Home > Commands > Database > Screen Data > Find Duplicates

Find Duplicates

The Find Duplicates command enables you to determine whether each record in the current database can be uniquely identified by values in the "key" field(s) you specify. Additional screening of data, as well as processing in many other areas of ProVal, is contingent on the presence of a unique identifier in the database(s) used. (Most often a single field, such as SSN or EEID, may serve this purpose, but the need for multiple keys exists when, for example, EEIDs are unique only within a particular DIVISION.)

If you do not have a database open when you select this command, ProVal will prompt you to select one. Under the Key field(s) parameter, select one or more fields to check for duplicate values.

If the key you select is (or includes) a character field, the Match case in key(s) option will be accessible, so that you can indicate whether you want ProVal to regard upper and lower case letters as distinct. The default treatment is to ignore alphabetic case differences when matching key values (so that, for example, "Joe Smith" matches "JOE SMITH"). Check this box to treat upper-case and lower-case letters in character key fields as distinct values (so that "Joe Smith" and "JOE SMITH" will be treated as different values).

The check for duplicate keys can be restricted to a subset of the records in the database by entering a Selection Expression. Click the image/selection_expression_button.gif button to access the Retrieve Selection Expression dialog box. Pick a selection expression to retrieve, by clicking its name from the list of Selection Expressions in the current Project. You will return to the preceding dialog box and the Selection Expression will appear in the Selection Expression box.

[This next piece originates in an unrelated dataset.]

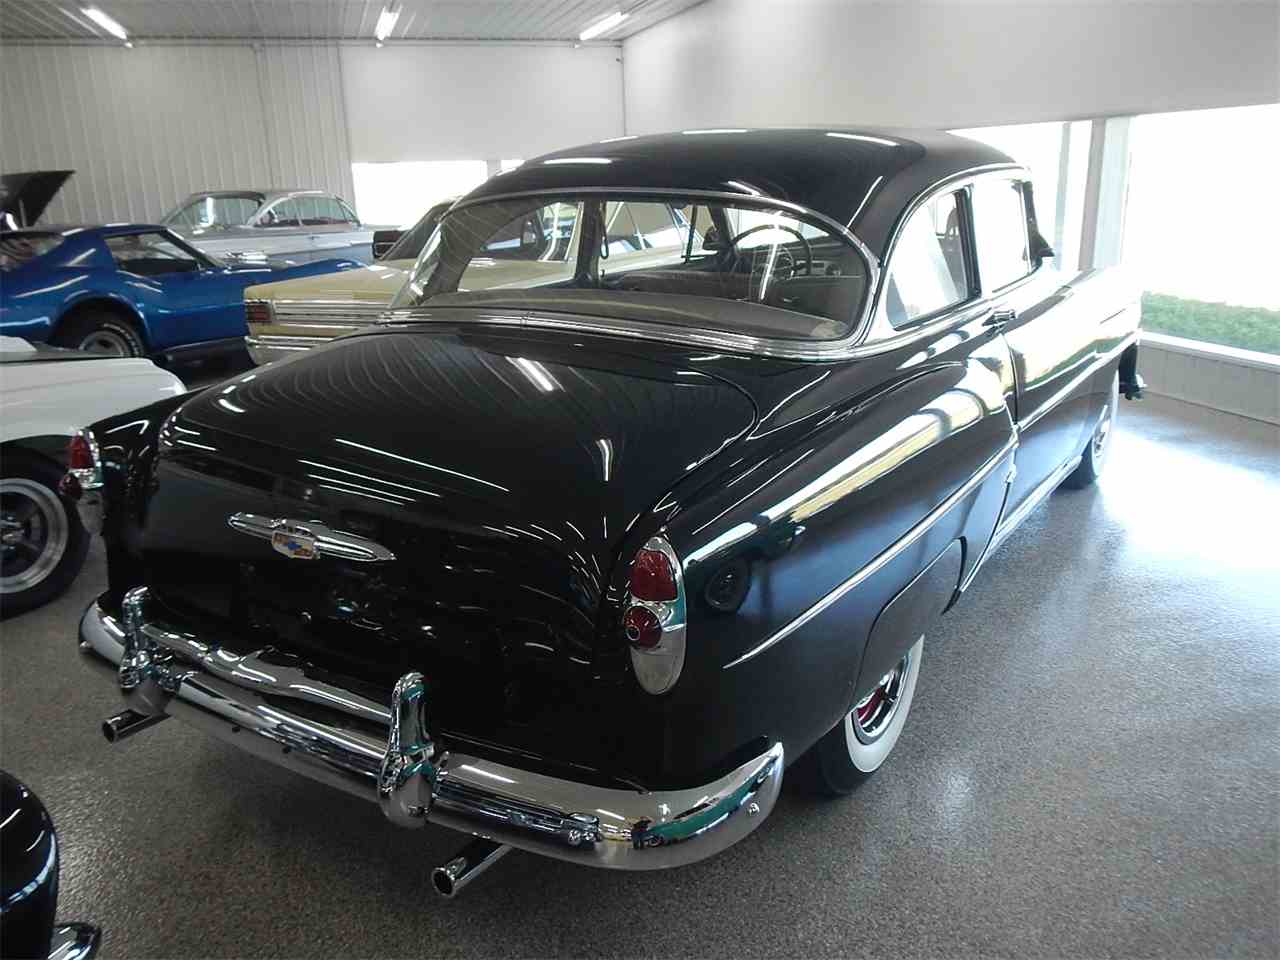 1953 Chevrolet 210 For Sale Classiccars Cc 957736 for Classic Cars Celina Ohio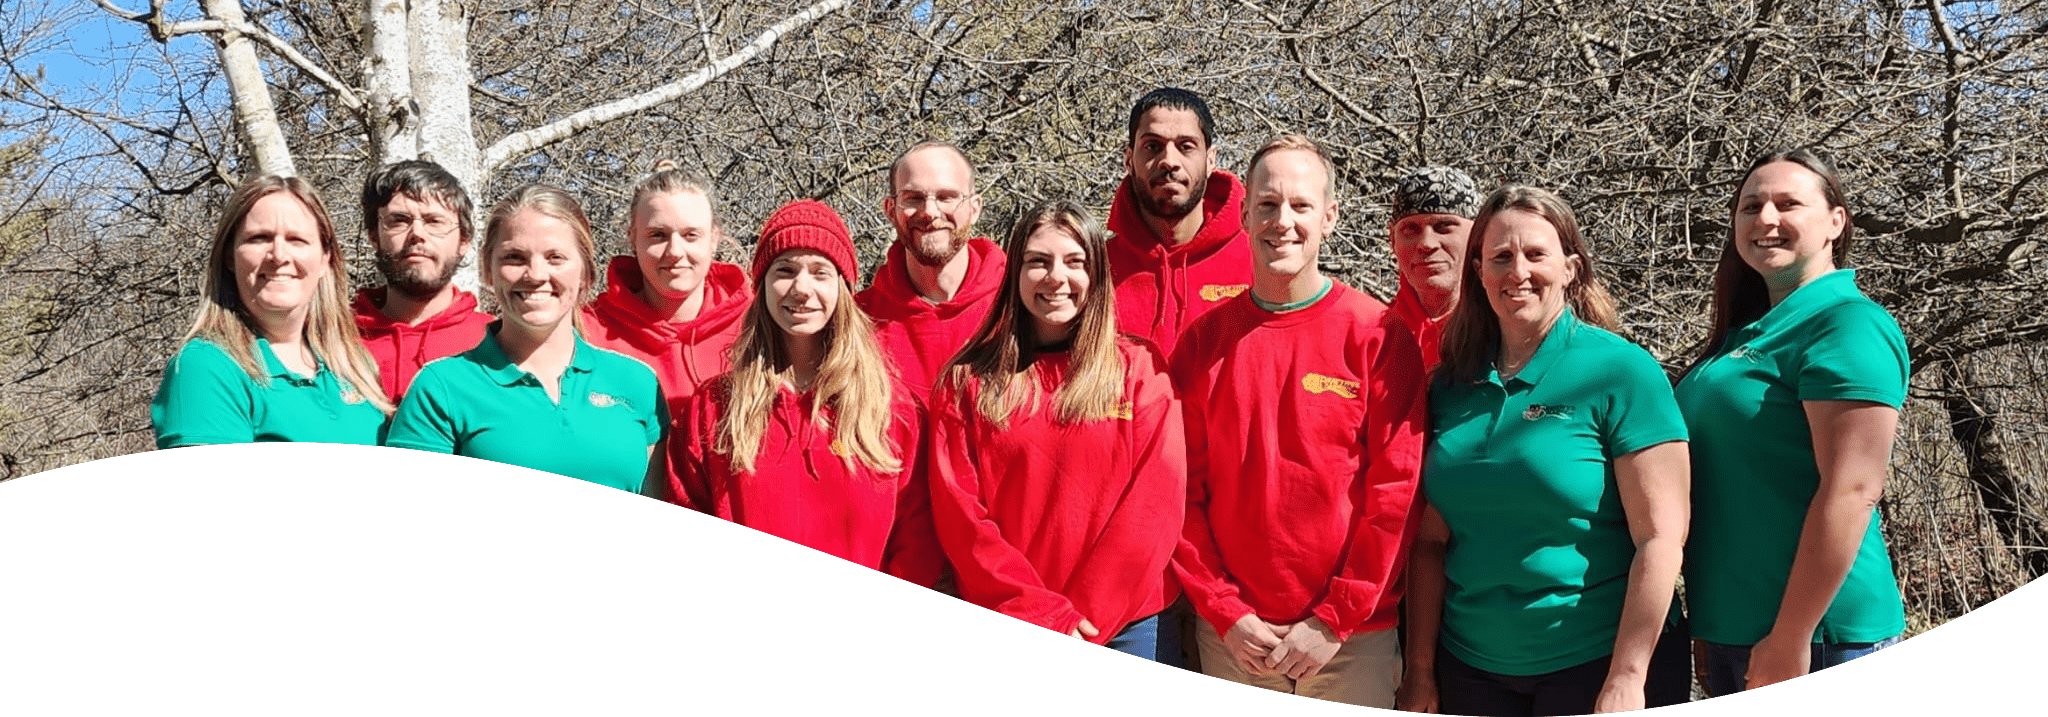 A group of eleven people standing outdoors, wearing green and red uniforms, smiling for a photo with a leafless tree background.

Two database Result fields are created during the Find Duplicates process to help you evaluate the results of the process. The “DupFlag” field contains a “1” for records whose key field(s) do not have unique values, and it contains a “0” otherwise. The “DupID” field contains a “1” for the first record encountered with a given key (whether it is a unique or non-unique occurrence), “2” for the second (in RecID order), “3” for the third, and so forth. You can click on the row for either result field to edit the name, if you wish.

The Log duplicates as errors option refers to an action ProVal can take at the end of the Find Duplicates process. If you check this box, then when you save the results of the process, ProVal will append information to the database's error log for records with duplicate key values. You can subsequently review the errors using the View Error Log command.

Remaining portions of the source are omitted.